Поскольку перед падением Сэмюэль повернулся, чтобы обругать Ибсена, он в последний момент успел ухватиться руками за край ямы. Теперь он отчаянно вонзал в почву пальцы, пытаясь ухватиться за нее покрепче.
Посмотрев вверх, Сэмюэль увидел ветку дерева, низко свисавшую над ямой. Ветка была вне его досягаемости.
— Помоги!
Он посмотрел вниз. Клубы черного дыма ударили ему в лицо, и он отшатнулся прочь от адского жара. Пылающий внизу огонь почти доставал до его босых ног, а искры, взлетая вверх, опускались ему на ступни.
— Ибсен! — задыхаясь, прокричал он. — Ибсен! Помоги!
Сэмюэль ухитрился подтянуться на руках настолько, чтобы увидеть, как Ибсен уходит прочь от ямы.
— Ибсен! — прохрипел он, чувствуя, что его пальцы вот-вот разожмутся. — Вернись!
Конечно, он и сам не знал, какой помощи можно ждать от Ибсена. В конце концов, тот был всего лишь собакой. Но когда вы обнаруживаете, что, ухватившись за край ямы, висите над пылающим огнем, который уже поджаривает ваши пятки, вы начинаете цепляться за любую, самую ничтожную надежду.
— Ибсен… Ибсен, вернись. Помоги! Вернись, трус!
Но Ибсен, хоть и был изрядно напуган, трусом вовсе не был. Он отходил прочь от Сэмюэля только для того, чтобы взять разбег. Отойдя на несколько шагов назад, он разбежался по направлению к яме и, перепрыгнув через клубы дыма, приземлился на другой стороне. Это был поистине замечательный подвиг, в особенности потому, что размеры ямы значительно превышали размеры его тела.
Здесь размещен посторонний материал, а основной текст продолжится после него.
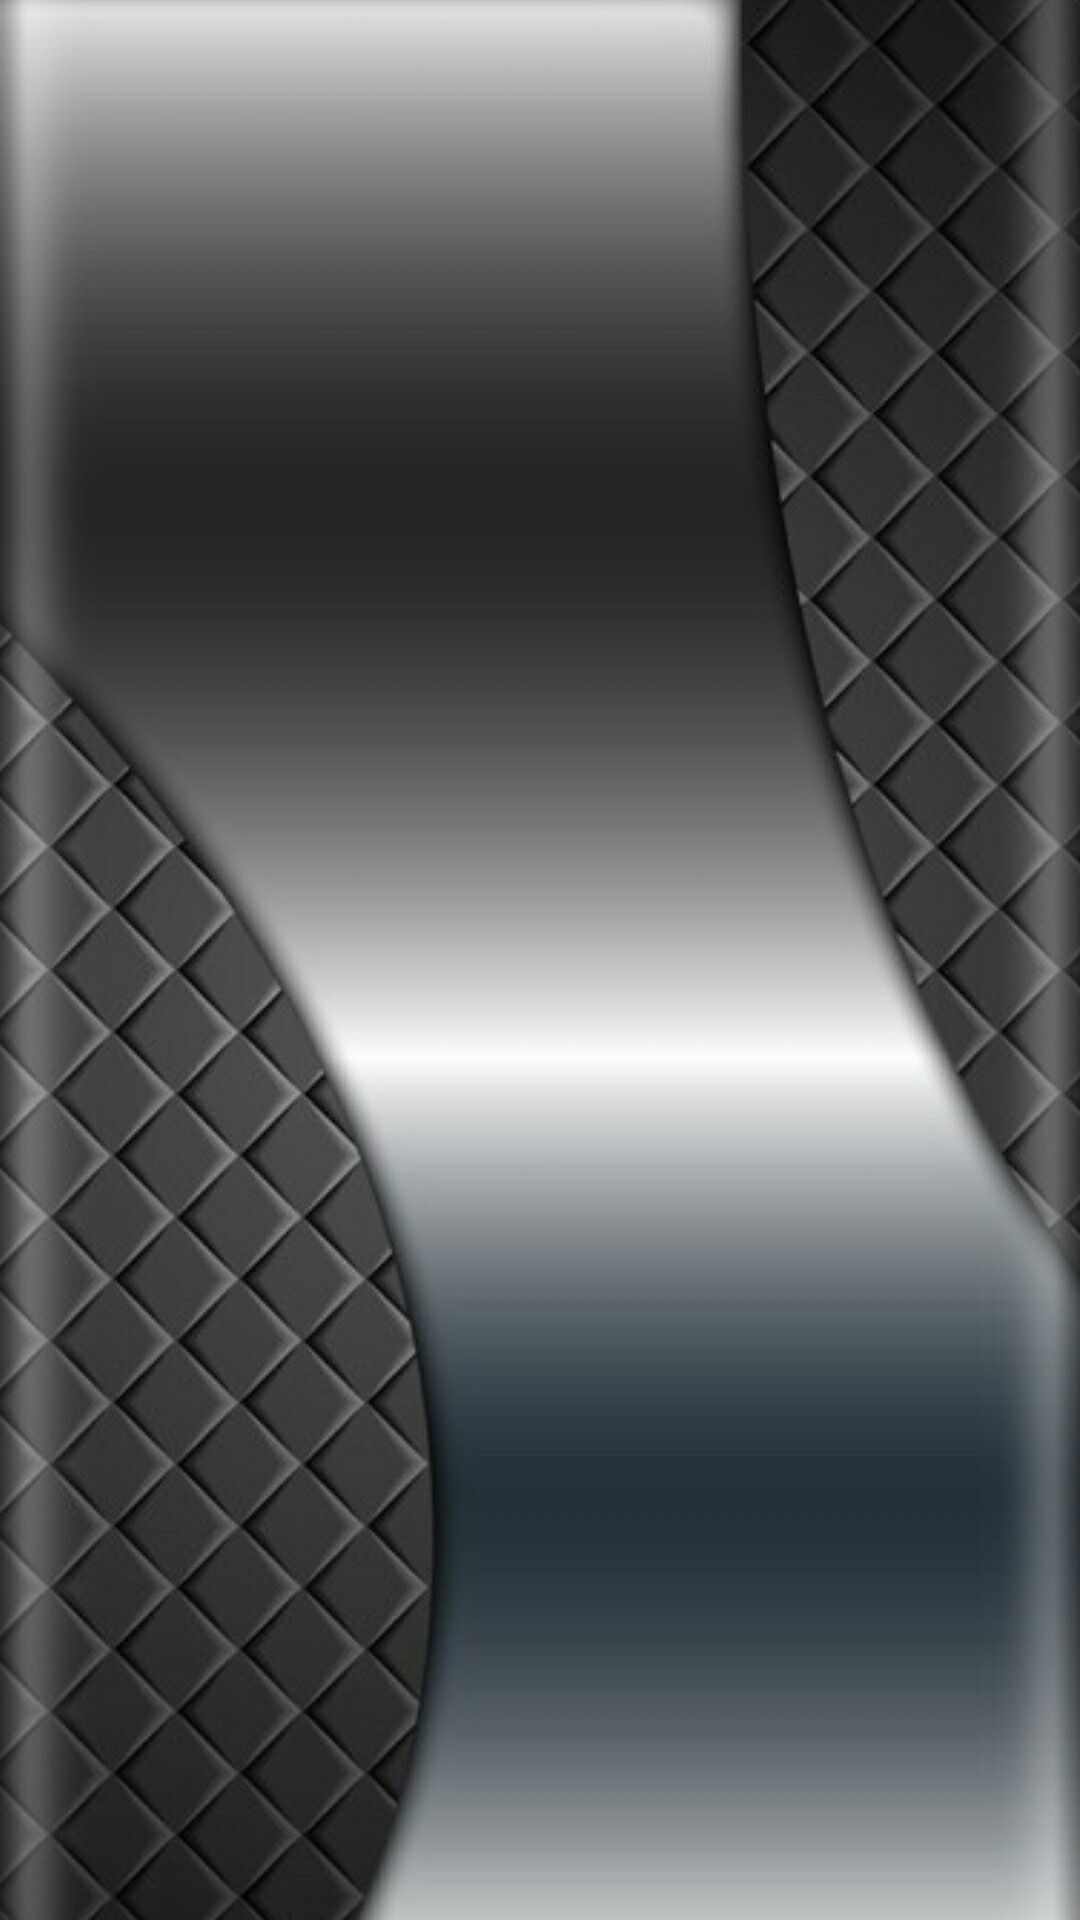 Samsung Iphone Edge Phone Telefon 3d Wallpaper Silver Wallpaper Background Wallpaper Edge Cellphone Wallpaper
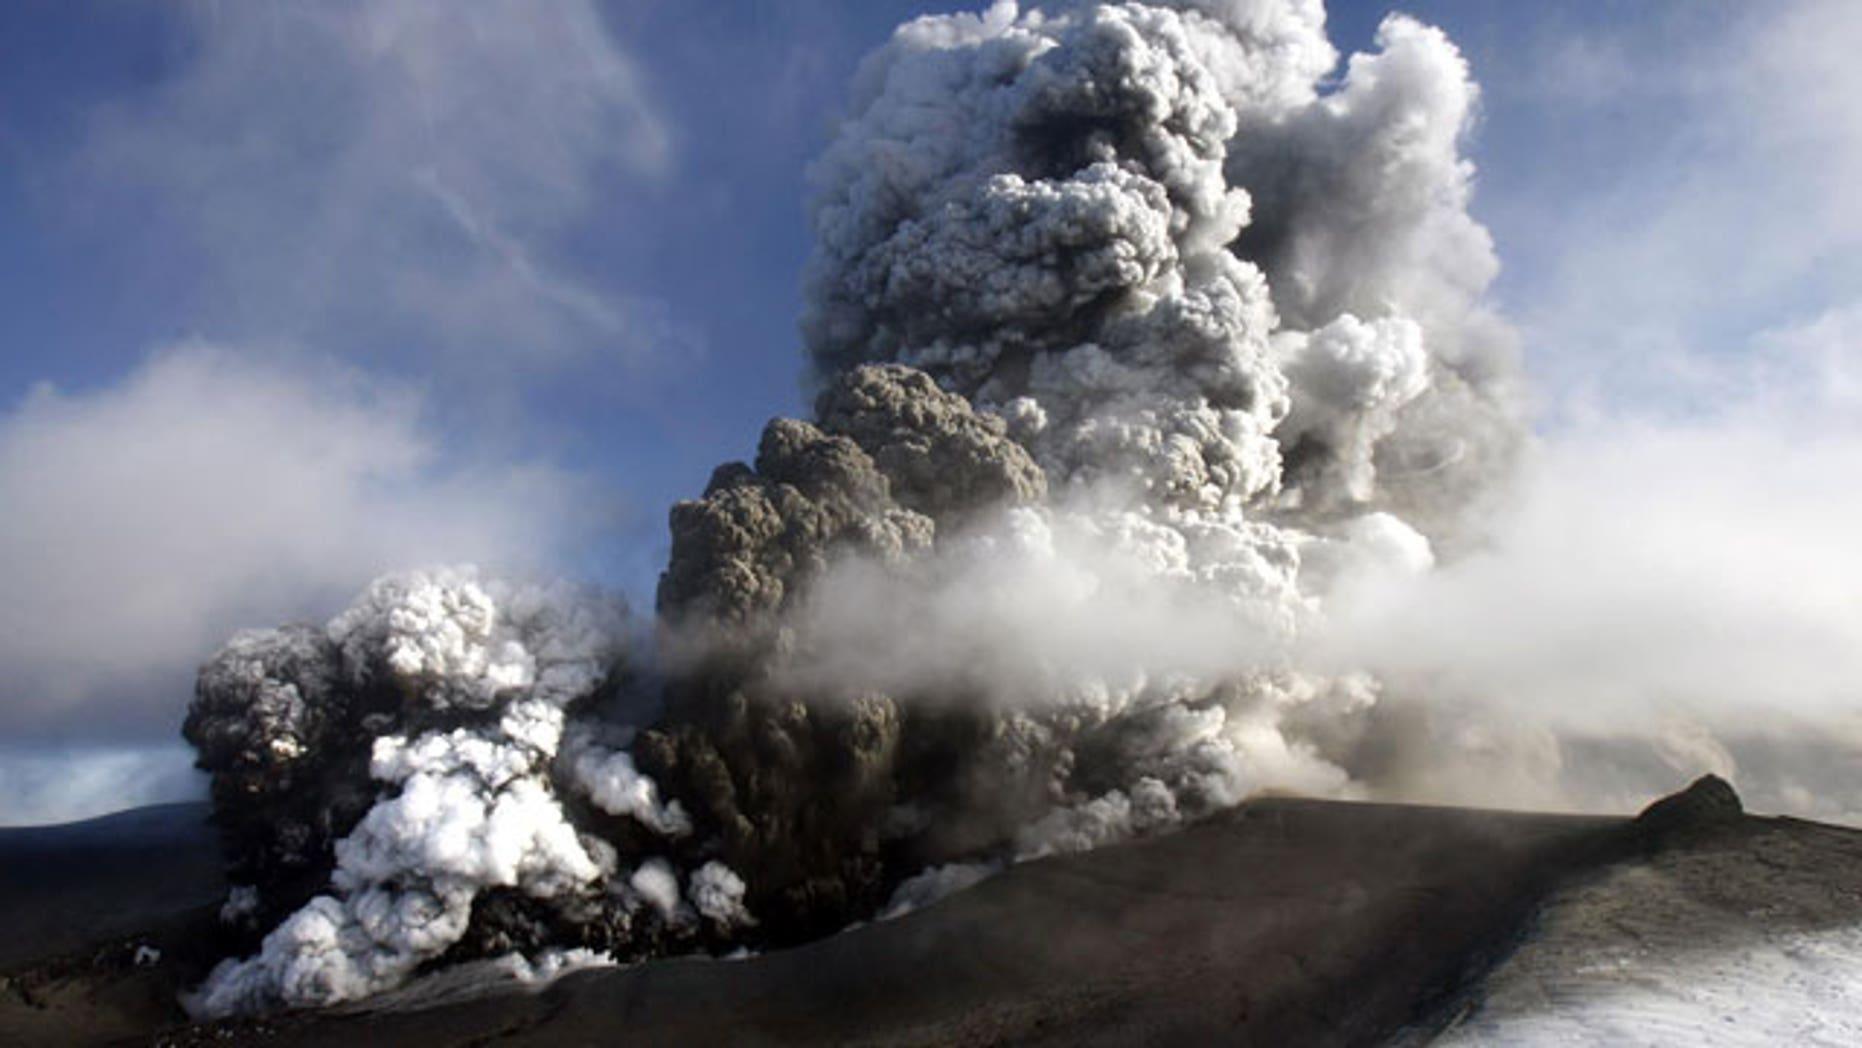 April 17, 2011: Volcano in southern Iceland's Eyjafjallajokull glacier sends ash into the air.

Благополучно приземлившись, он покрепче обосновался на земле и снова подпрыгнул, сначала оттолкнувшись передними лапами и затем подбросив себя вверх задними. Секундой позже в его зубах уже была нижняя ветка, которую он начал нагибать к яме, полной удушающего дыма.
— Помоги! Помоги!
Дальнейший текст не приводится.